BEGIN

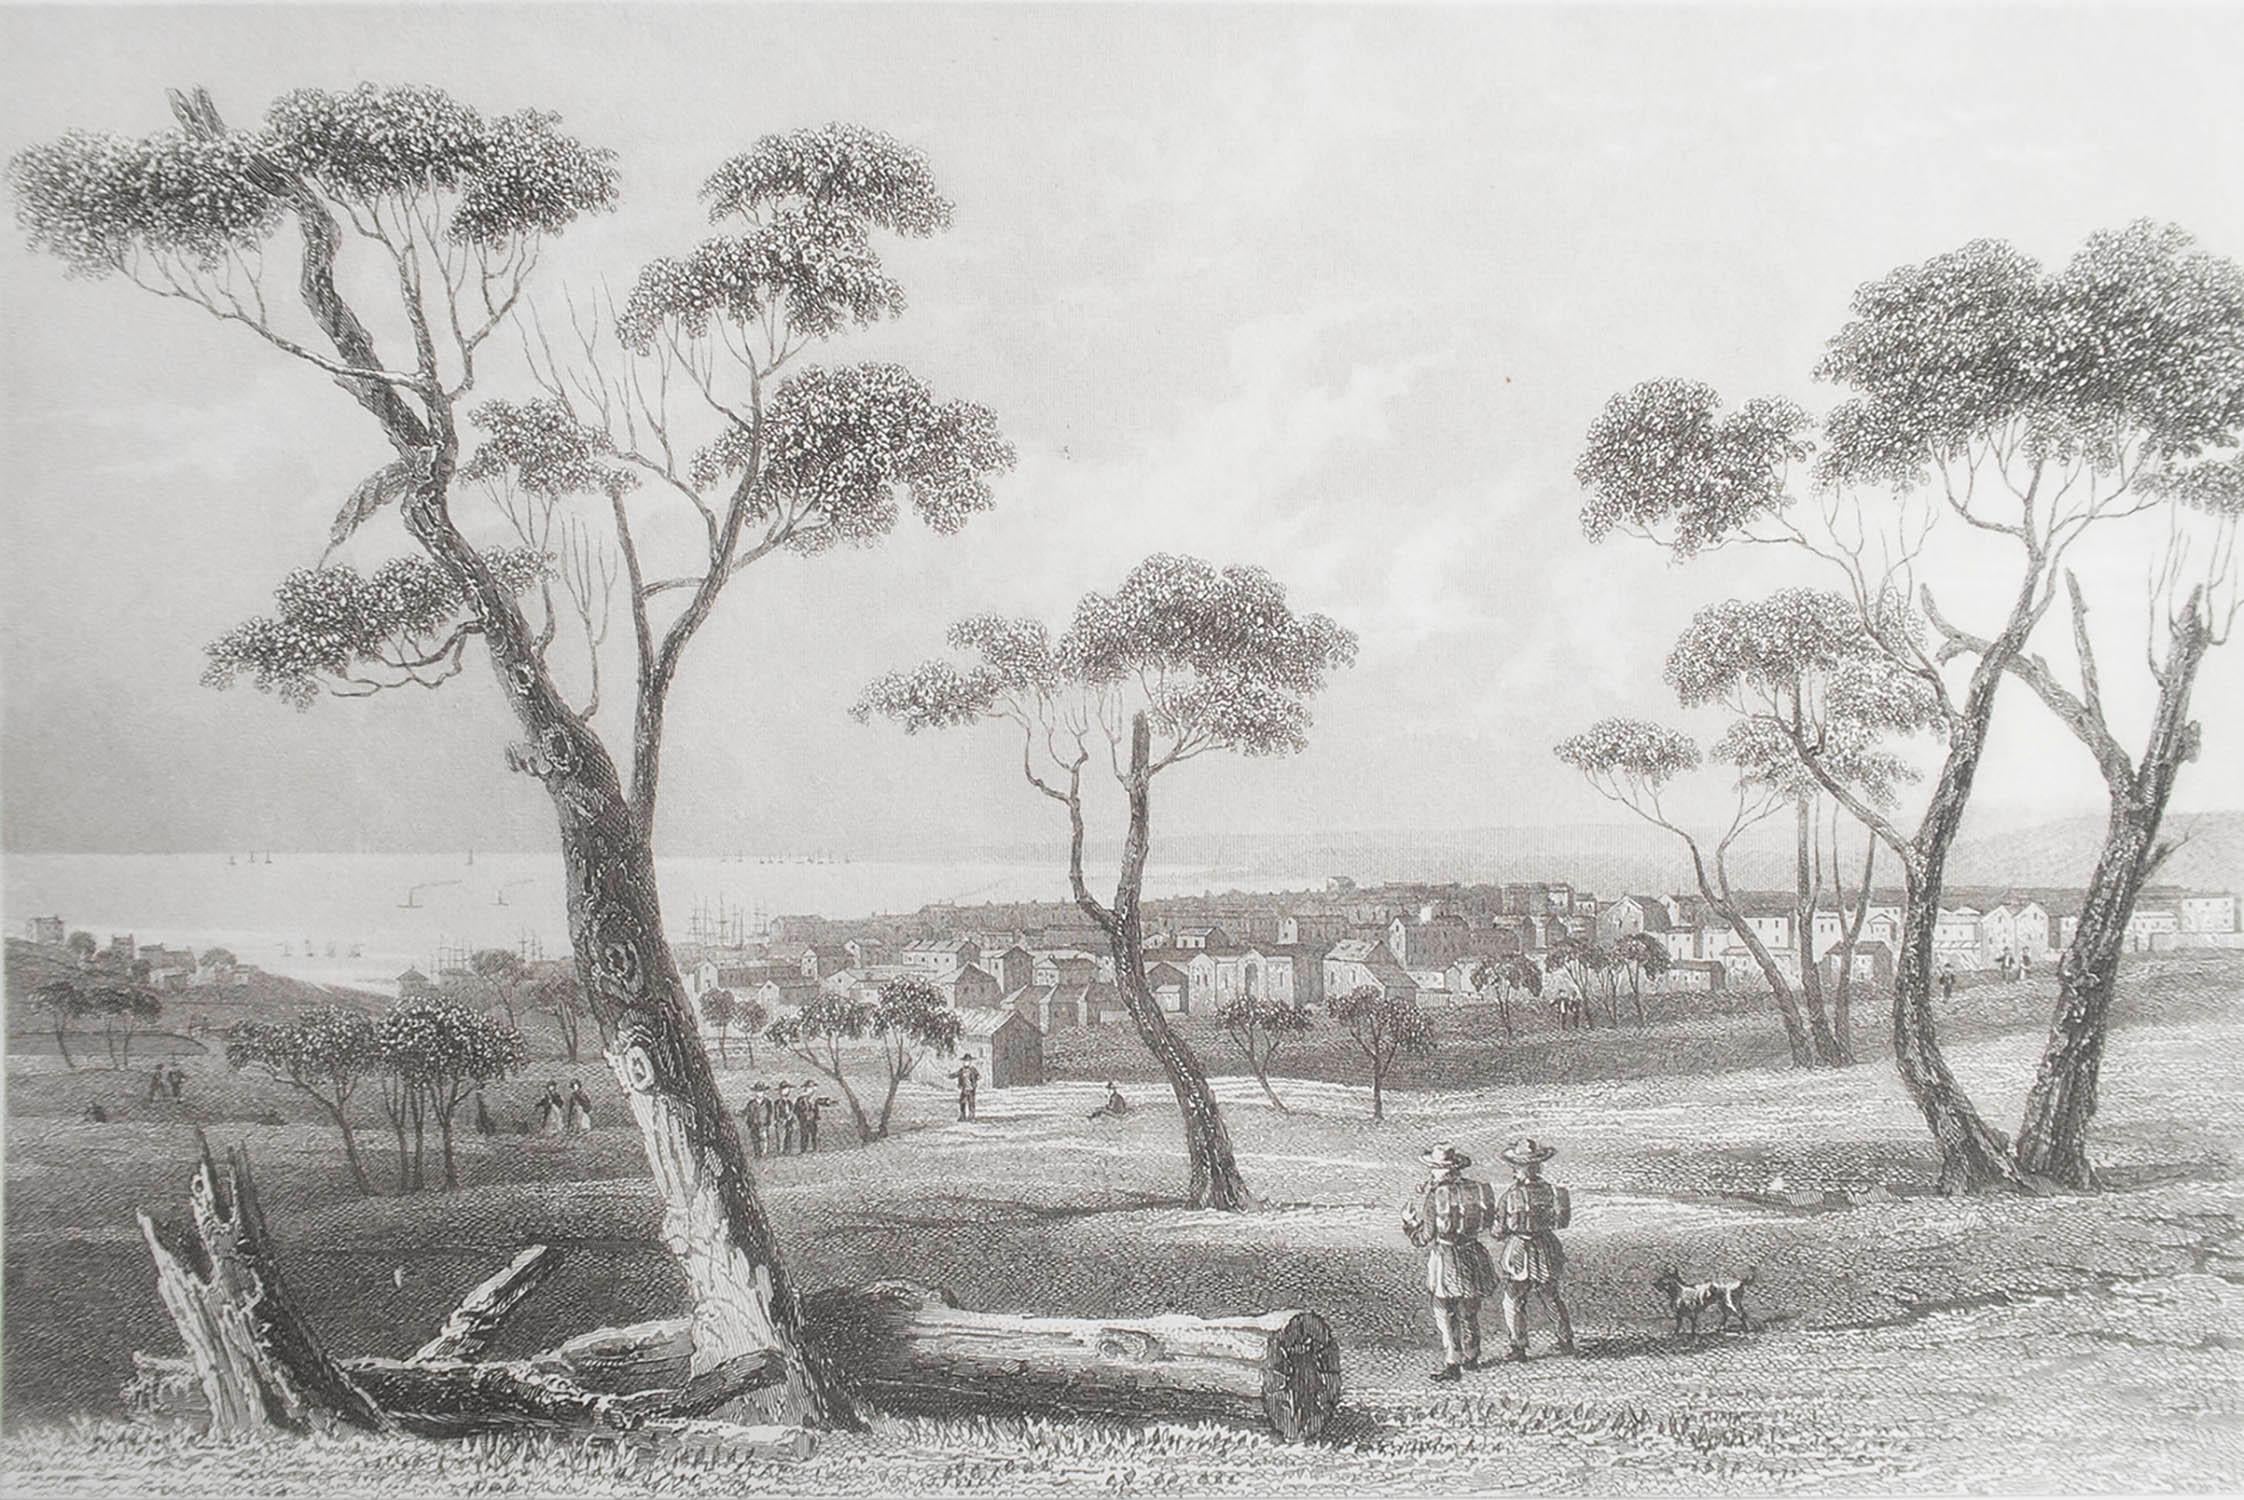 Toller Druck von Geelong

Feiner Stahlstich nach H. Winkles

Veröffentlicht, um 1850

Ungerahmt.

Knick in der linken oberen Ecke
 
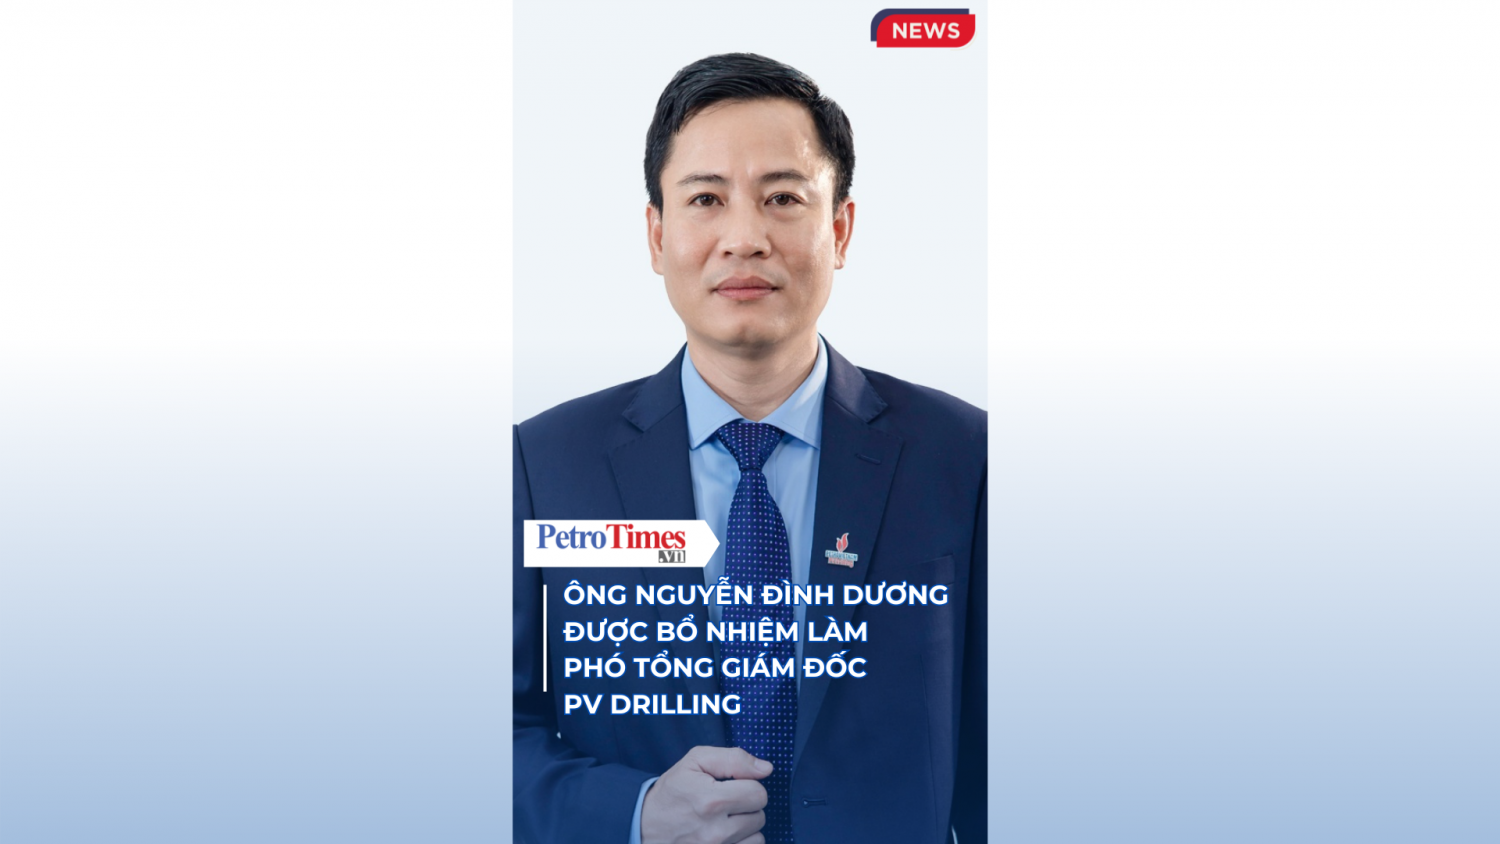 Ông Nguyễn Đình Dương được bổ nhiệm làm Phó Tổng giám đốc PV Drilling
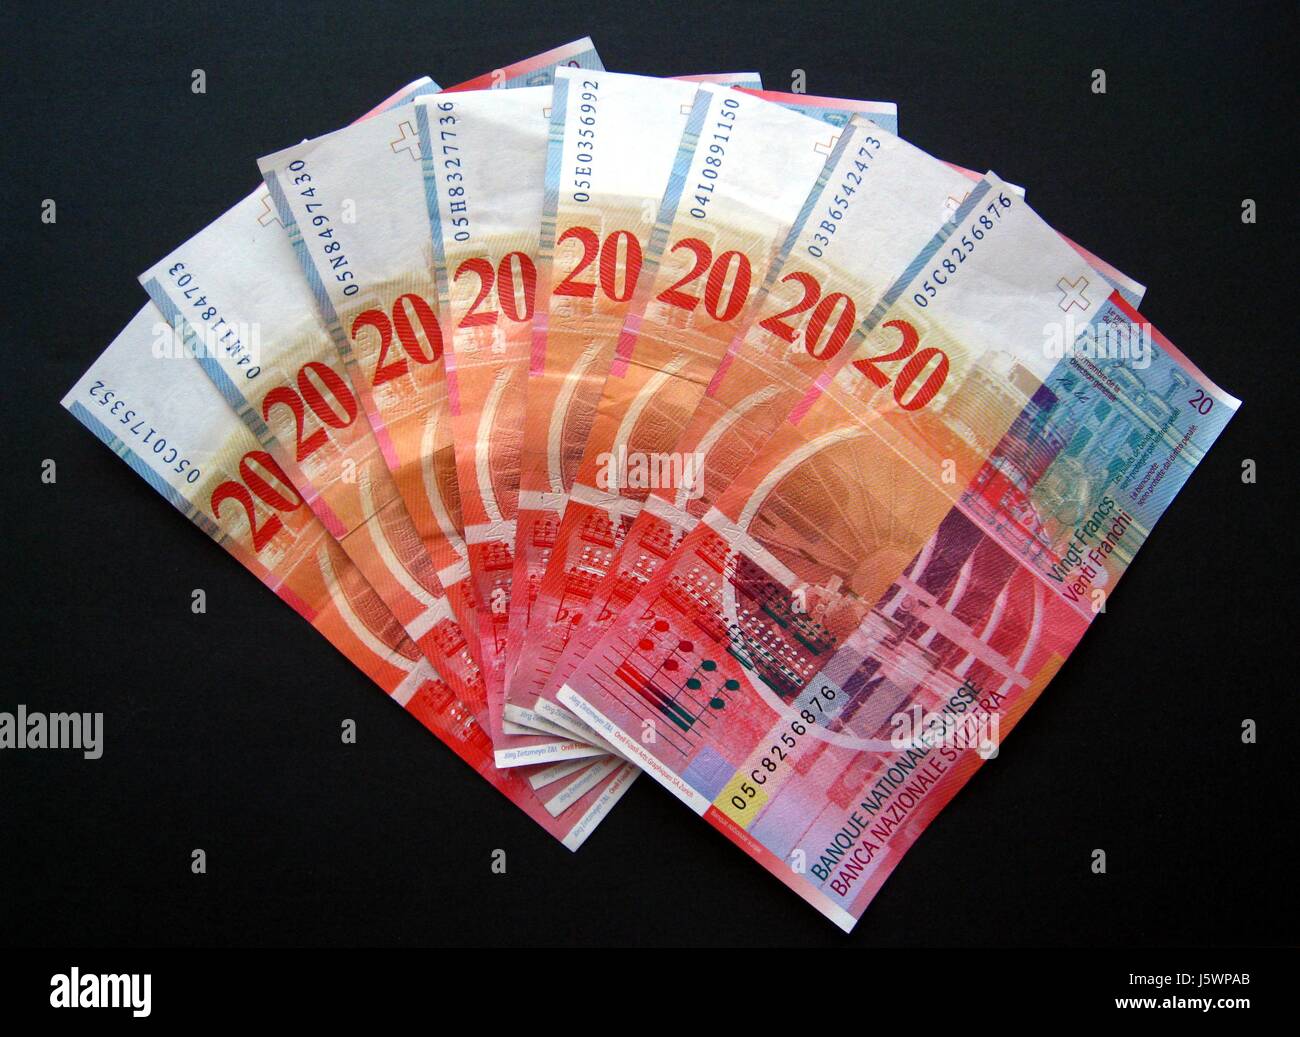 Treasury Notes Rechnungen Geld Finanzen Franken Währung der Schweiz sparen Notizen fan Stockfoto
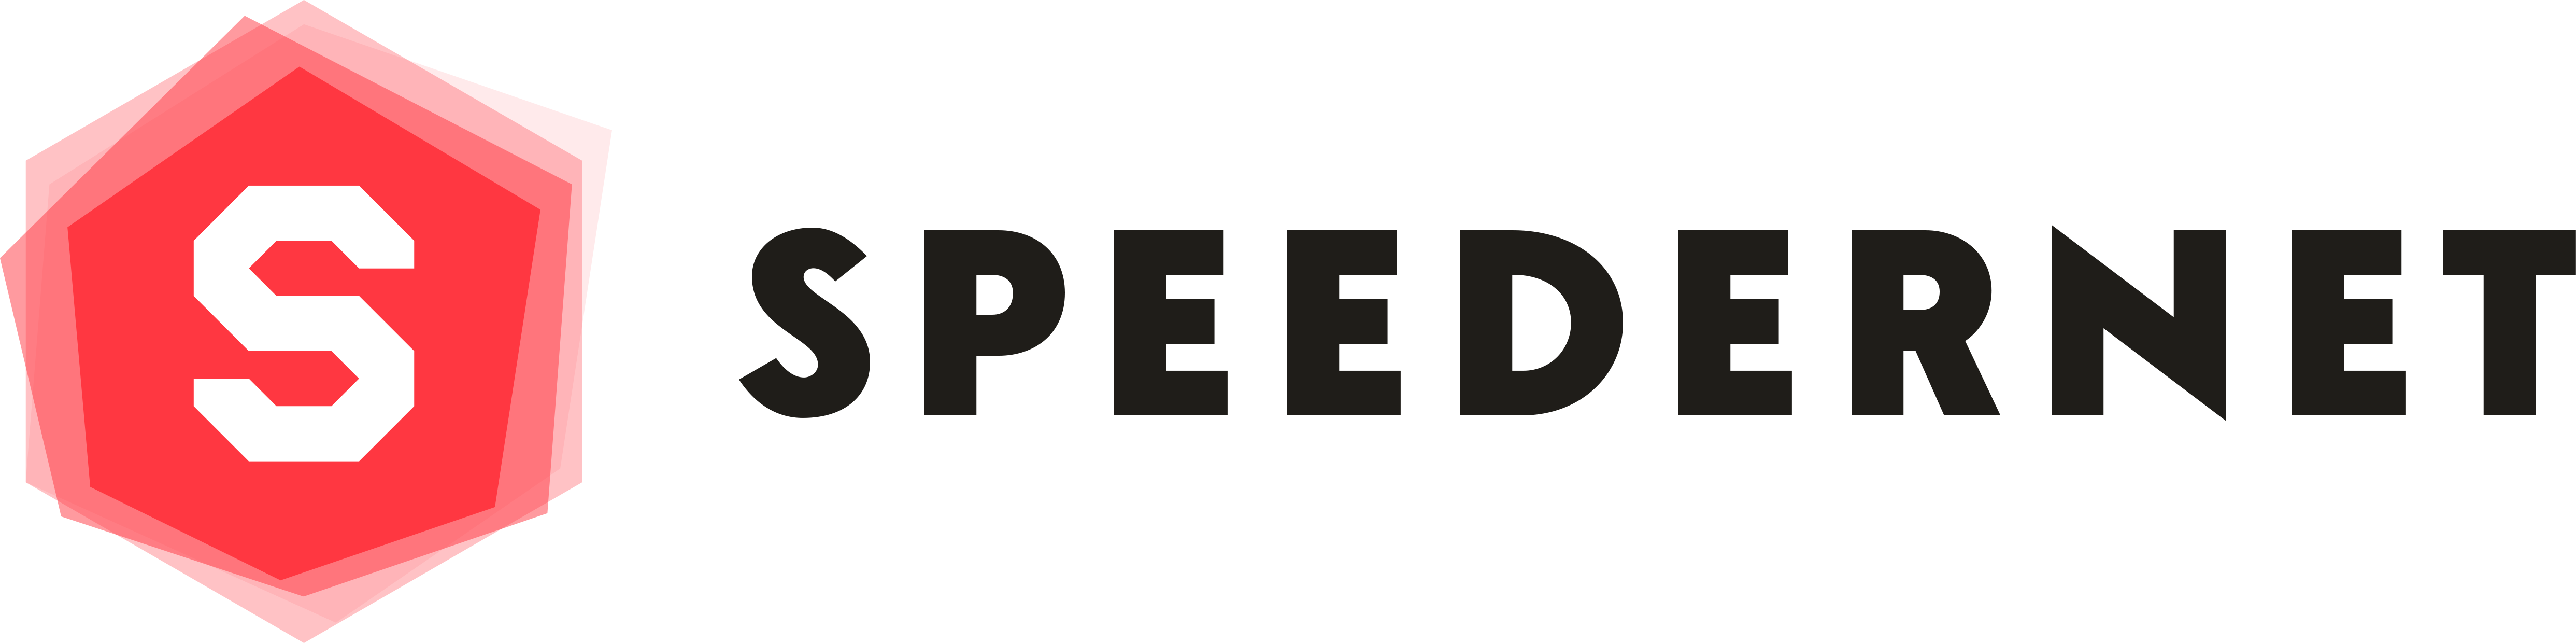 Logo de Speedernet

END

**Exercise details:**
From the first record above to the last, output each one exactly and omit the pictures.

**Output:**
 Toller Druck von Geelong

Feiner Stahlstich nach H. Winkles

Veröffentlicht, um 1850

Ungerahmt.

Knick in der linken oberen Ecke
 
 Ông Nguyễn Đình Dương được bổ nhiệm làm Phó Tổng giám đốc PV Drilling
 Treasury Notes Rechnungen Geld Finanzen Franken Währung der Schweiz sparen Notizen fan Stockfoto
 Logo de Speedernet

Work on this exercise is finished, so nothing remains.